Текст книги "Выпуск 2. Пьесы для небогатых театров"
Автор книги: Людмила Разумовская
Соавторы: Игорь Шприц,Сергей Носов,Андрей Зинчук,Алла Соколова,Станислав Шуляк,Олег Ернев,Александр Образцов
Жанр:
Драматургия
сообщить о нарушении
Текущая страница: 16 (всего у книги 17 страниц)
Поздний осенний вечер. То же место действия. Холодно, сыро, темно. Типичная петербургская погода с ветром и мокрым снегом.
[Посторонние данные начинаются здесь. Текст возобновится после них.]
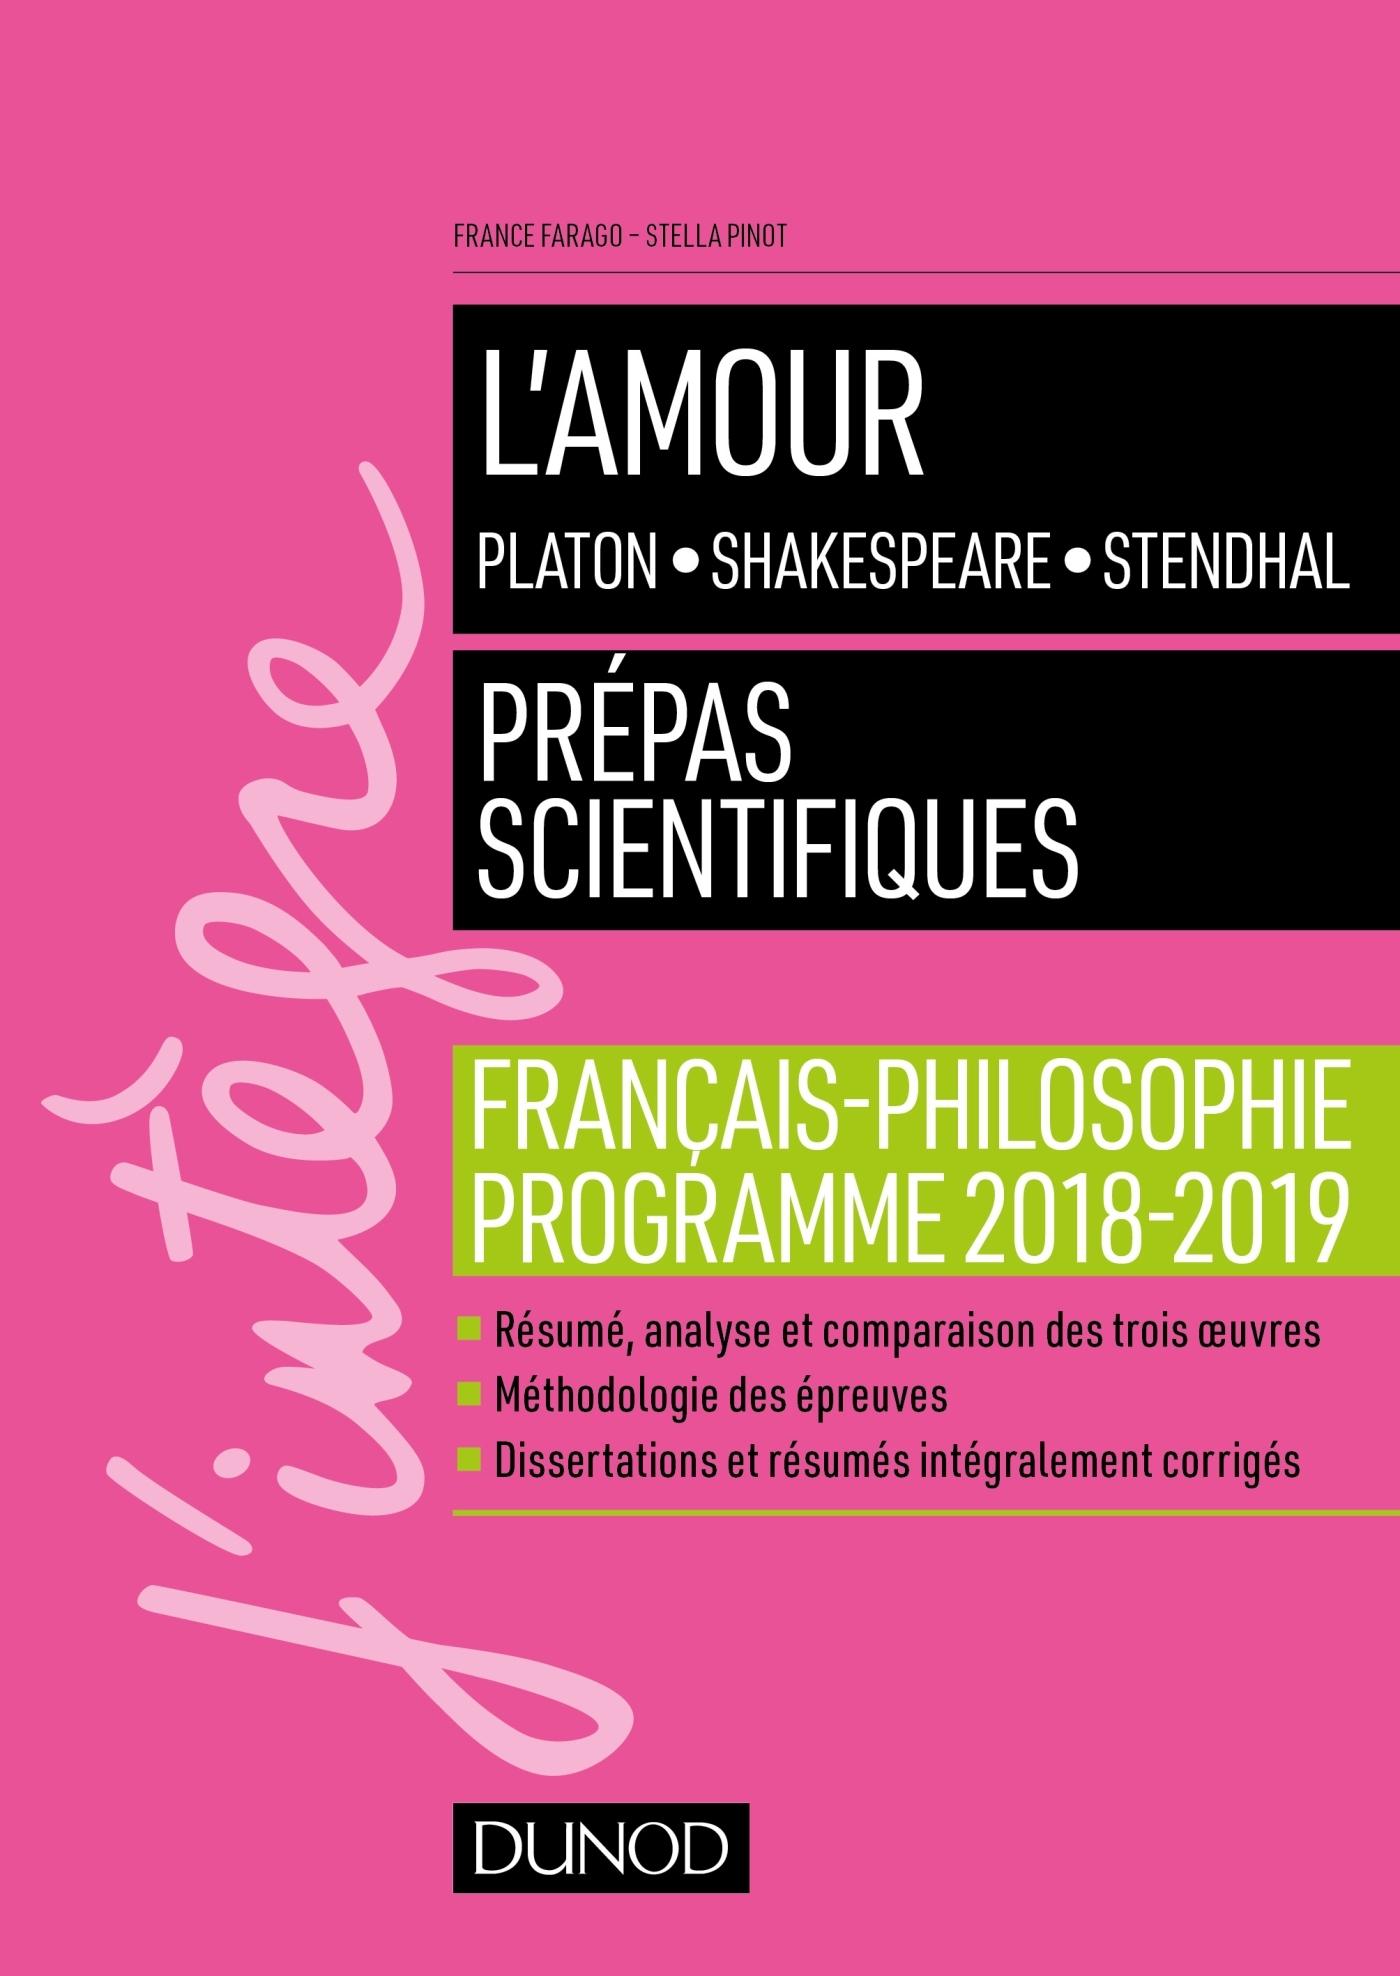 L'AMOUR - EPREUVE DE FRANCAIS-PHILOSOPHIE PREPAS SCIENTIFIQUES 2018-2019

У Владимирской церкви, на ящике, прислонившись к ограде, сидит, съежившись, Павел Сергеевич, поджидая Веру Ивановну. Увидев ее, он неловко вскакивает и бежит ей навстречу.
ПАВЕЛ СЕРГЕЕВИЧ. Верочка!
ВЕРА ИВАНОВНА. Паша!
ПАВЕЛ СЕРГЕЕВИЧ. Здравствуй, Верочка!
ВЕРА ИВАНОВНА. Здравствуй, родной. Давно прибыл?
ПАВЕЛ СЕРГЕЕВИЧ. Да я ведь сразу и позвонил, как с поезда…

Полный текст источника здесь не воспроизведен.